The analysis of the pull requests (PRs) for the Firecrawl project reveals a total of 16 open PRs, reflecting ongoing development efforts focused on bug fixes, feature enhancements, and integration improvements. The activity indicates a collaborative environment with significant contributions from multiple developers.
PR #542: [Bug] Fixed go sdk workflow
PR #541: [Feat] Added attempts to sdks for db saving time
PR #535: fix docker compose port setting
PR #527: [V1] Release
PR #516: Ensuring USE_DB_AUTHENTICATION is true in single URL scraper
PR #505: Add another Open-Source Integration
PR #493: [Feat] Added llama parser sdk and timeout for scrape
PR #373: [Feat]: Add RUST SDK client for firecrawl API
PR #355: feat: small room optimisation of the apps/api Dockerfile image
PR #438: [Feat] Added rate limit singleton for redis
PR #389: [Feat] Proposal to resolve the redirect url
PR #344: Adds support for npm i firecrawl
PR #343: Adds support for pip install firecrawl
PR #280: Add rendering service to improve scalability
PR #278: Usage billing support for overuse
PR #10: Categorize gitignore items
.gitignore
.The recent activity in the Firecrawl repository shows a strong focus on improving both functionality and usability across various aspects of the project. A notable trend is the introduction of new SDKs and integrations, such as the Go SDK (#542) and Rust SDK (#373), which broaden the project's appeal to developers using different programming languages. This aligns with Firecrawl's goal of being an accessible web crawling solution across multiple platforms.
Another significant theme is addressing bugs and enhancing security measures, as seen in PRs like #516 (ensuring proper database authentication) and #541 (optimizing database saving times). These enhancements are critical as they directly impact user trust and application reliability.
There is also an emphasis on optimizing performance through various means—reducing Docker image sizes (#355), implementing rate limiting with Redis (#438), and enhancing logging capabilities (#496). These optimizations are essential in maintaining efficient operations as user demand grows.
The discussions within PR comments reveal an active community engagement where contributors provide feedback and suggestions, fostering collaboration among developers. For instance, discussions around PR #535 regarding Docker Compose settings highlight the importance of clear communication in resolving technical issues collaboratively.

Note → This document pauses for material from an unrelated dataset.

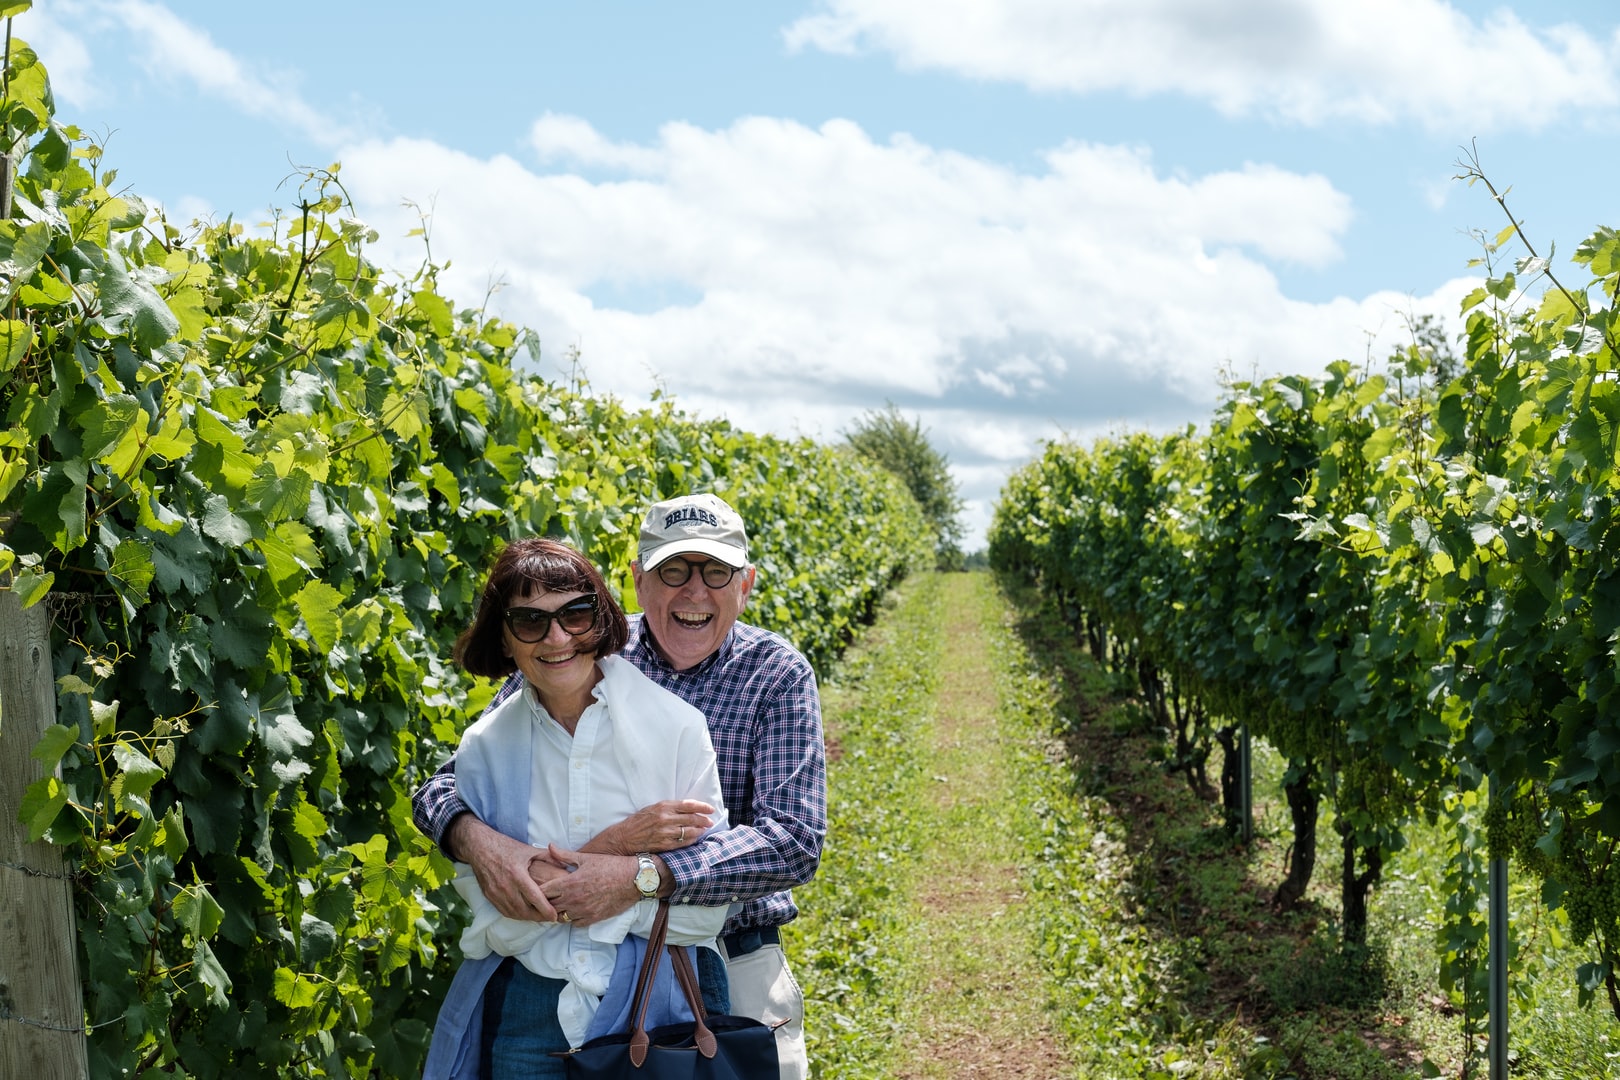 Older Couple Smiling in a Winery

However, there are some closed PRs that were not merged due to overlapping functionalities or because they were superseded by other changes (e.g., PRs #506 and #527). This indicates a need for better coordination among team members to avoid redundancy in efforts and streamline contributions effectively.
Overall, the current state of pull requests reflects a healthy development cycle characterized by active contributions aimed at enhancing functionality, fixing bugs, and improving overall user experience while maintaining robust community engagement practices.
Nicolas (nickscamara)
Gergő Móricz (mogery)
Rafael Miller (rafaelsideguide)
Thomas Kosmas (tomkosm)
Eric Ciarla (ericciarla)
Yuki Matsukura (matsubo)
Kent Hsu (KentHsu)
Kevin Swiber (kevinswiber)
Quan Ming (wahpiangle)
Caleb Peffer (calebpeffer)
Tak-S (tak-s)
Dependabot
v1-webscraper
branch, particularly in enhancing the /map
endpoint and adding tests.queue-worker
, addressing race conditions, logging issues, and job success propagation.v1-webscraper
branch, including websocket functionality for crawl status.Overall, the development team is engaged in a productive cycle of feature enhancement, testing, and collaboration aimed at improving the Firecrawl project.